The short version: if your contract says to deliver through a DCON, you must physically reach one during the raid, open its inventory, move the required item over, and let the transfer finish. Only then does the turn-in count. If you get eliminated before completion, you can lose the item and the progress. That makes route planning just as important as gun skill.

What a DCON actually does in Marathon

A DCON exists to complete specific contract deliveries on the spot. The reward is the contract progress and whatever payout that contract lists in its panel. What you do not get is the item back. Once you transfer it, it is gone from your inventory and it does not return to your vault after the raid.

That sounds obvious, but it changes how you should value loot. If you are holding a contract item that must go into a DCON, you should think of it as an objective item, not as cargo you can safely extract with later.

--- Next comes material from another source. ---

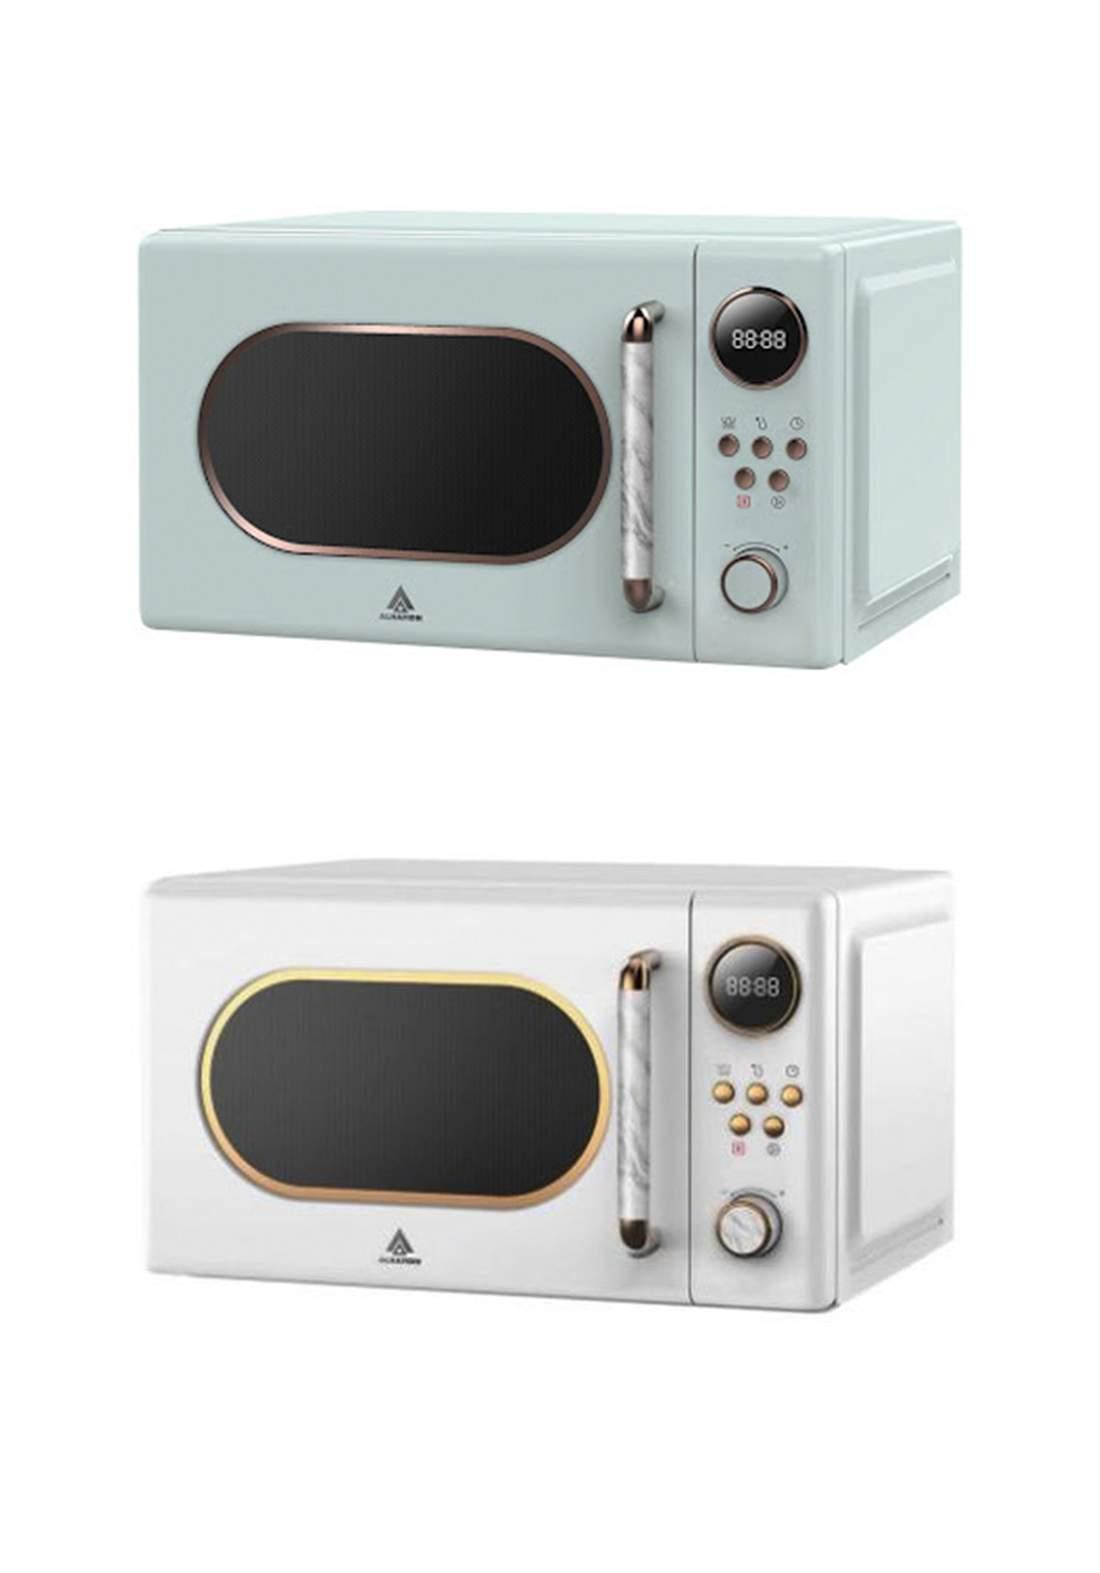 Alhafidh MWHA-20S4R  Microwave Oven 20L مايكرويف

In practical terms, the best play is usually to hit the nearest low-risk DCON once you have the item instead of carrying it through two more fights and hoping the run stays clean.

  • DCONs only matter for contracts that specifically require in-raid delivery.
  • You must open the terminal and transfer the item into it.
  • The delivery counts after the transfer completes, not when you arrive.
  • The item is consumed and will not come back to your vault.
  • If the DCON map marker bugs out, location memory becomes your backup plan.

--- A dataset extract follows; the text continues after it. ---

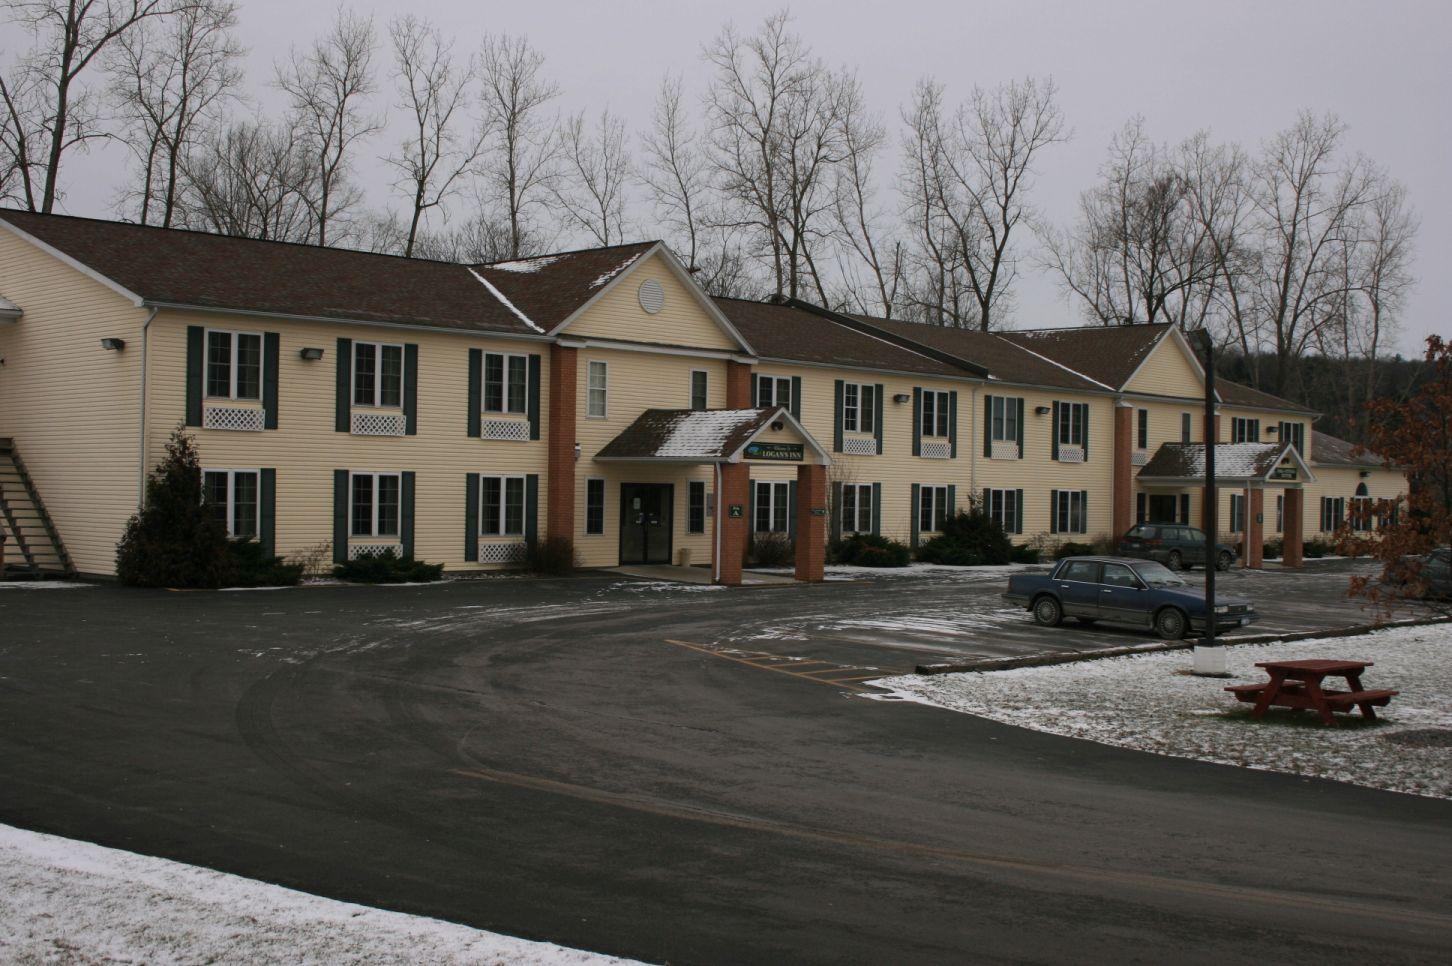 Logans Inn Motel

How to use DCON without wasting a run

The safest way to use a DCON is to treat it like a small extraction event. Clear the immediate area first, because opening a terminal inventory is one of the easiest ways to get jumped. Then use a simple sequence: reach DCON → open inventory → transfer required item → wait for confirmation → move immediately. Do not stand there organizing your whole bag afterward.

If you are running with teammates, one player should work the terminal while another holds the angle that covers the most obvious push route. If you are solo, approach from the side that gives you the fastest disengage path after the transfer. That matters more than shaving a few seconds off the route to the terminal itself.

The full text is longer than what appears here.